Correct me if I am missing something or show me the better way.
Let $0<a<b$ and consider the sequence of functions $$f_{n}(x)=\frac{1-(x/b)^{n}}{1+(a/x)^{n}}$$ for $n\in \mathbb{N}$.
i) First consider $x\in [a,b]$. Show that $f_{n}(x)$ does not converge uniformly on this set.
ii) Now reduce the domain into $x\in [a+\epsilon, b-\epsilon]$ where $\epsilon>0$, and it is assumed that $\epsilon<(b-a)/2$. Prove that $f_{n}(x)$ is uniformly convergent.
My answer to i) I have shown that $f_{n}(x)$ converges pointwise to
$$ f(x)=\begin{cases} \frac{1}{2} & \text{ if } a=x \\ 1 & \text{ if } a<x<b \\ 0 & \text{ if } x=b. \end{cases} $$ Since, for example, $\lim_{x\to a^{-}}f(x)=1\neq f(a)$, so $f$ is not continous on $[a,b]$. Thus $f$ does not converge uniformly on $[a,b]$. Is it enough to answer like that?
My answer to ii) I believe it says proving that $$ \lim_{n\to\infty}\sup_{x\in [a+\epsilon, b-\epsilon]}\left | f(x)-f_{n}(x) \right |=0. $$ First, we know that $1-\left ( \frac{x}{b} \right )^{n}\geq 1-\left ( \frac{b-\epsilon}{b} \right )^{n}$ and $1+\left ( \frac{a}{x} \right )^{n}\leq 1+\left ( \frac{a}{a+\epsilon} \right )^{n}$ for all $x\in [a+\epsilon, b-\epsilon]$. Since $[a+\epsilon, b-\epsilon]\subseteq (a,b)$, so
\begin{align*}\left | f(x)-f_{n}(x) \right |&\leq \left | 1-\frac{1-\left ( \frac{b-\epsilon}{b} \right )^{n}}{1+\left ( \frac{a}{a+\epsilon} \right )^{n}} \right |=\left | \frac{\left ( \frac{a}{a+\epsilon} \right )^{n}-\left ( \frac{b-\epsilon}{b} \right )^{n}}{1+\left ( \frac{a}{a+\epsilon} \right )^{n}} \right |\\ &\leq \left | \left ( \frac{a}{a+\epsilon} \right )^{n}-\left ( \frac{b-\epsilon}{b} \right )^{n} \right |\leq\left ( \frac{a}{a+\epsilon} \right )^{n}+\left ( \frac{b-\epsilon}{b} \right )^{n}.\end{align*} Since $a+\epsilon>a>0$ and $0<b-\epsilon<b$, we finally get $\left | f(x)-f_{n}(x) \right |\to 0$ as $n\to\infty$.

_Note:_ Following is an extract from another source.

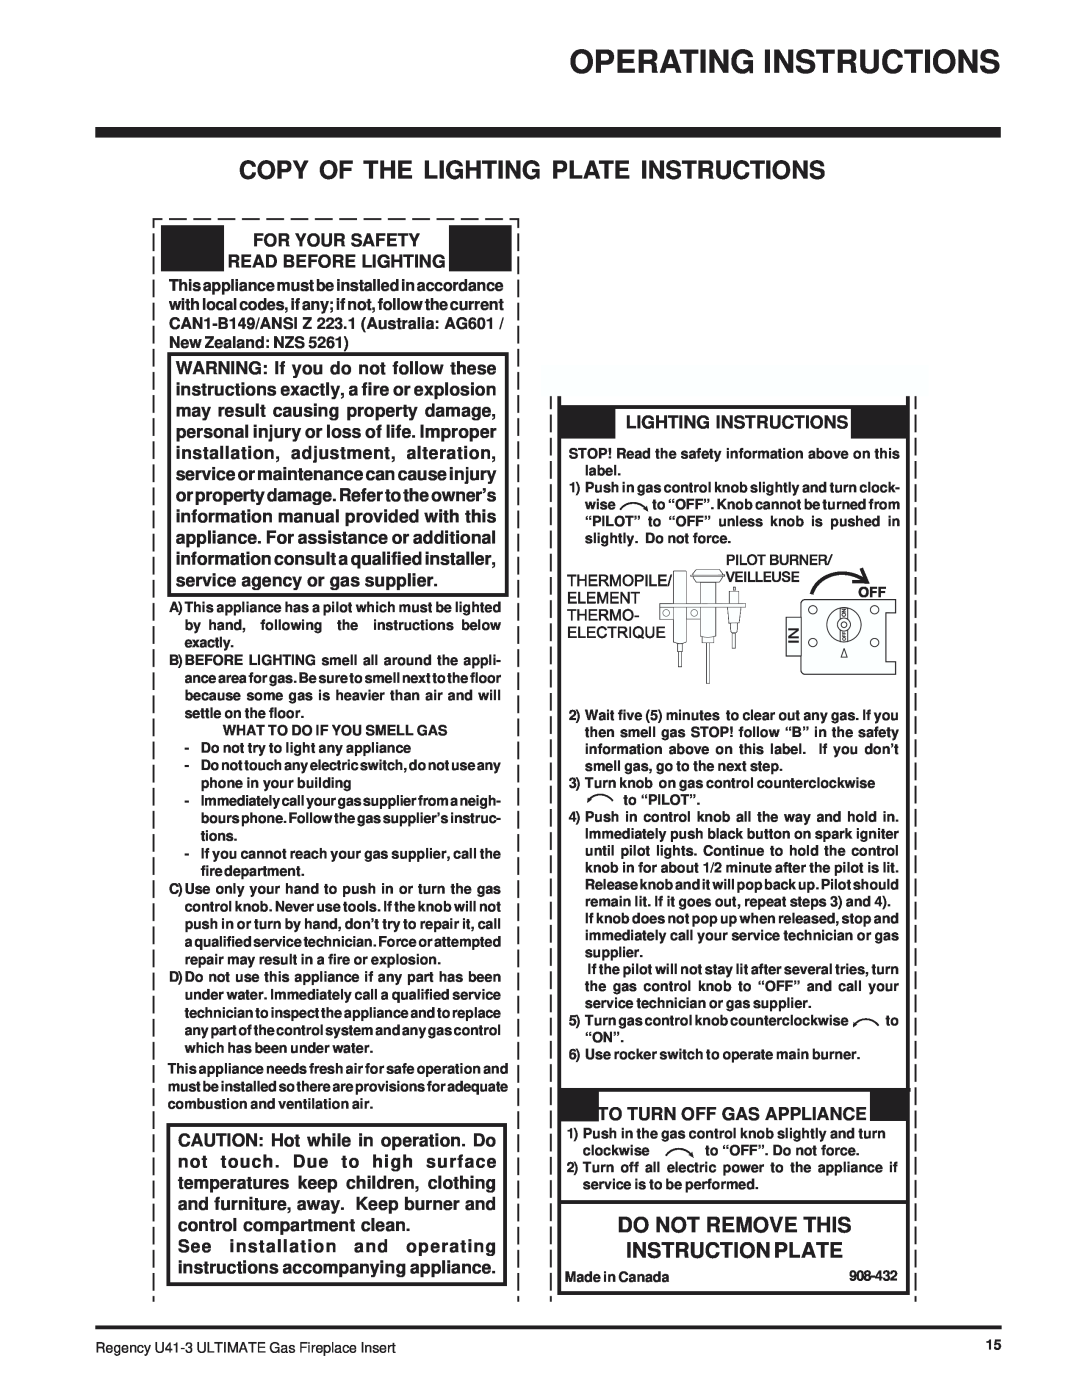 Regency U41-LP3 Copy Of The Lighting Plate Instructions, Do Not Remove This Instruction Plate, Lighting Instructions 
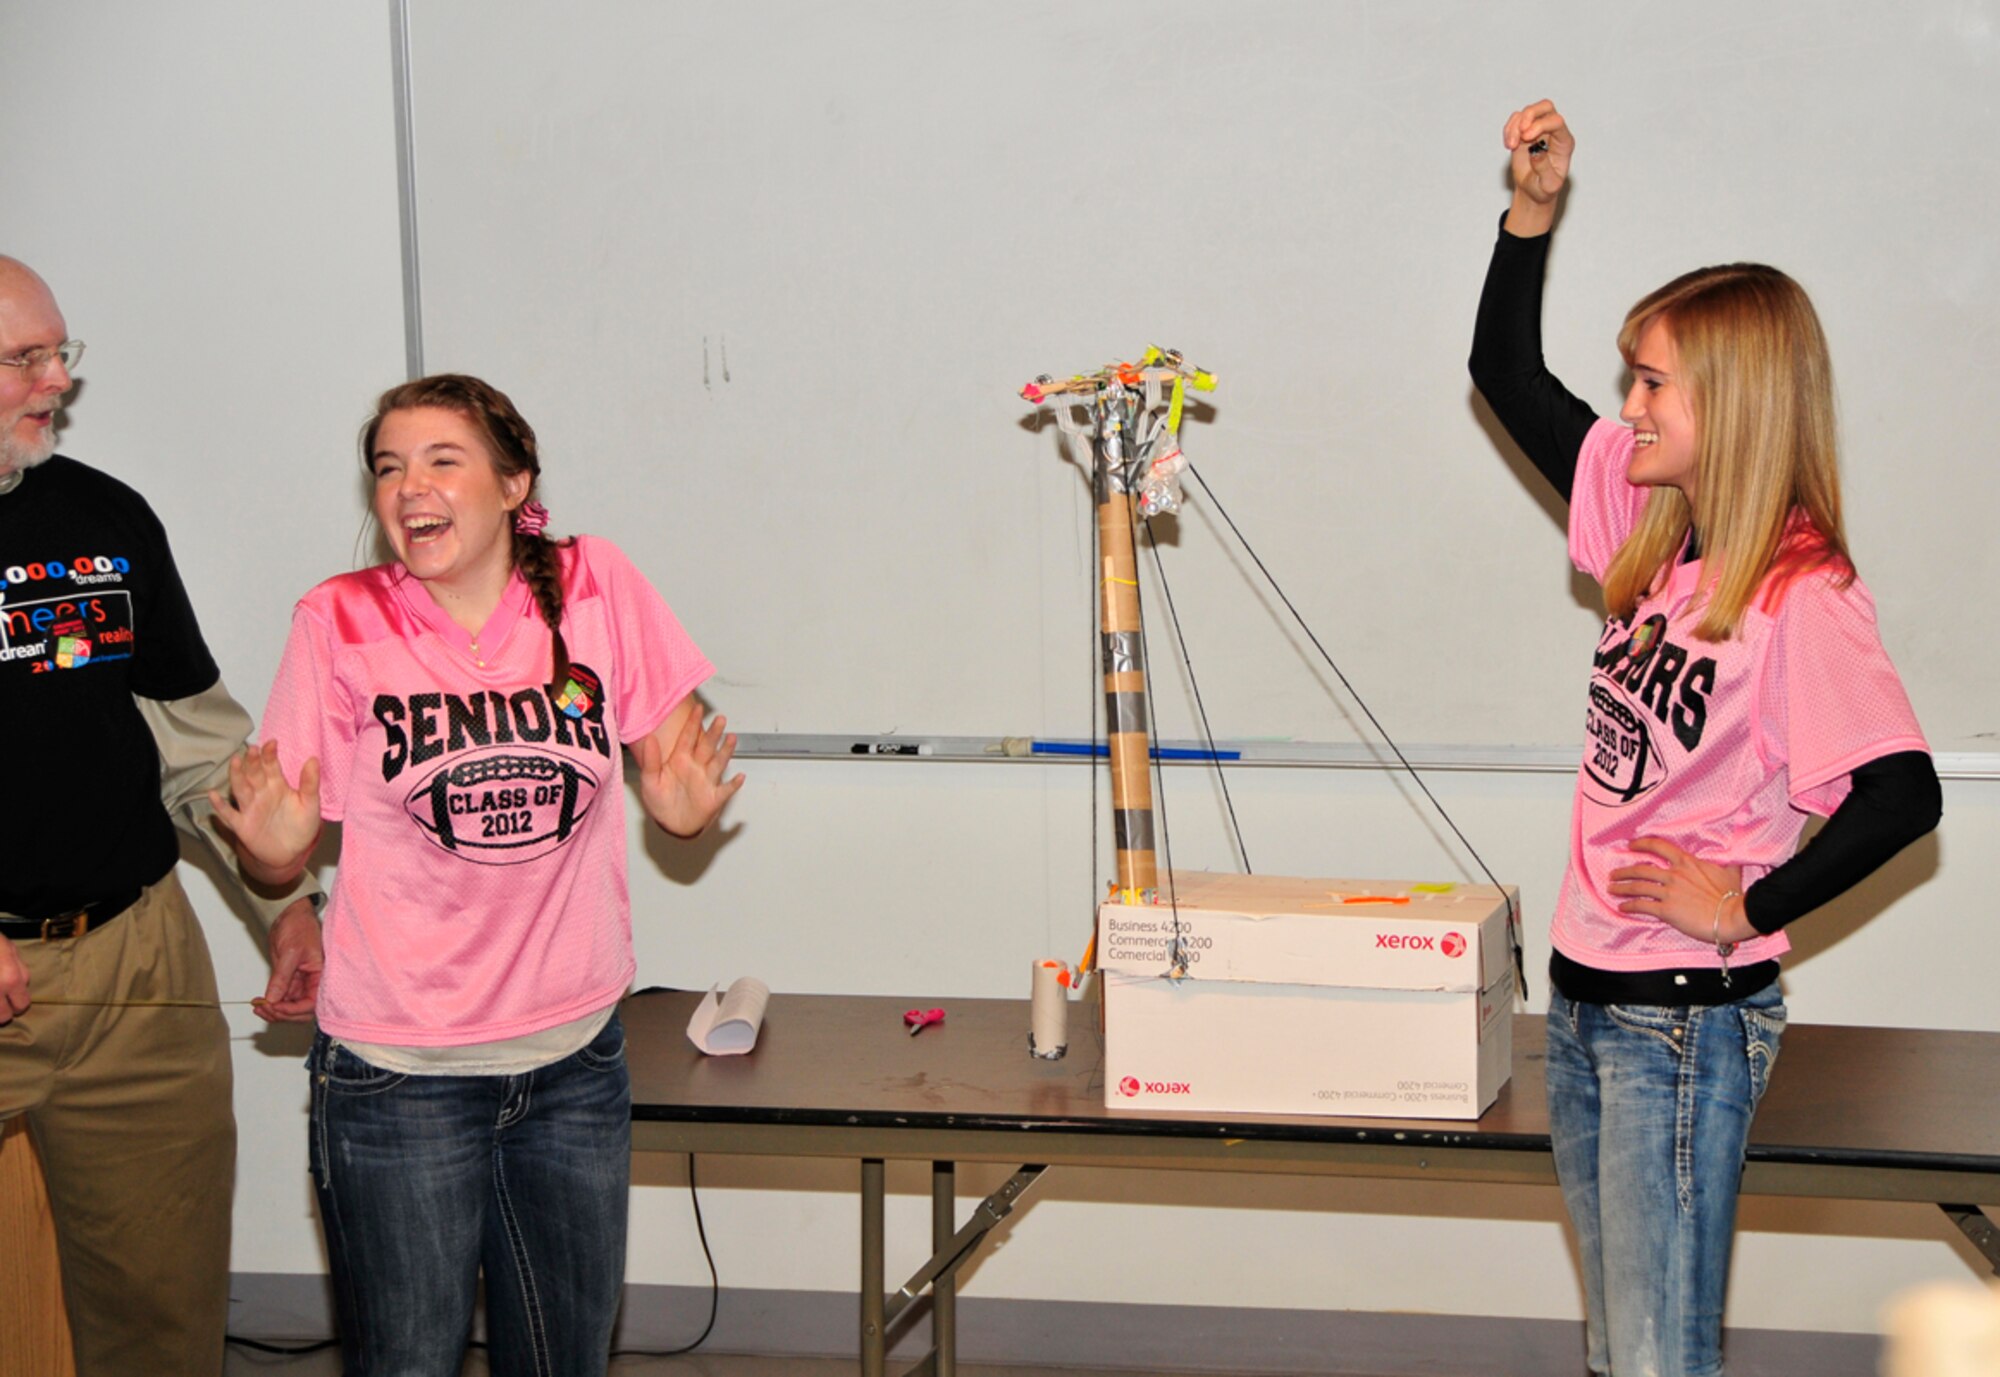 Coffee County Central High School students Lainey Wilkins, left, and Brittany Fox celebrate after a successful test of their space elevator at the Student Design Competition held at the Hands-On Science Center Feb. 21. (Photo by Jacqueline Cowan)

I do not know if I should use something like that for all $\epsilon>0$ there exist a $N\in\mathbb{N}$ such that $\sup_{x\in [a-\epsilon,b+\epsilon]}\left | f(x)-f_{n}(x) \right |<\epsilon$ for all $n\geq N$.
Your answer to (i) is fine.
Your proof for (ii), in order to make use of the $\varepsilon$-property which in my case is a $\delta$-property as $\varepsilon$ already has been used, could be extended as follows:
Note that for $f_n$ to converge uniformly on $[a+\varepsilon, b-\varepsilon ]$ to $f$ you have to show, that for each $\delta > 0 $ there exists an $n_0 \in \mathbb{N}$ such that for every $n \ge n_0$ and every $x \in [a+\varepsilon, b-\varepsilon]$ it holds that $\lvert f(x) - f_n(x) \rvert \lt \delta$.
Proof:
Let $\delta > 0$. For every $\varepsilon > 0$ the sequences defined as
$$a_n := \left( \frac{a}{a + \varepsilon}\right)^n \quad \text{ and } \quad b_n := \left( \frac{b - \varepsilon}{b}\right)^n $$ are null sequences, i.e. there exists $n_a \in \mathbb{N}$ such that for every $n \ge n_a$
$$ \lvert a_n \rvert < \frac{\delta}{2}.$$
Analogously there exists $n_b \in \mathbb{N}$ such that for every $n \ge n_b$
$$ \lvert b_n \rvert < \frac{\delta}{2}.$$
Now let $n_0 := \max(n_a,n_b)$. Performing the estimates in your proof for all $n \ge n_0$ and all $x \in [a+\varepsilon, b-\varepsilon ]$ the following holds
$$ \lvert f(x) - f_n(x) \rvert \leq \left( \frac{a}{a + \varepsilon}\right)^n + \left( \frac{b - \varepsilon}{b}\right)^n \lt \frac{\delta}{2} + \frac{\delta}{2} = \delta. $$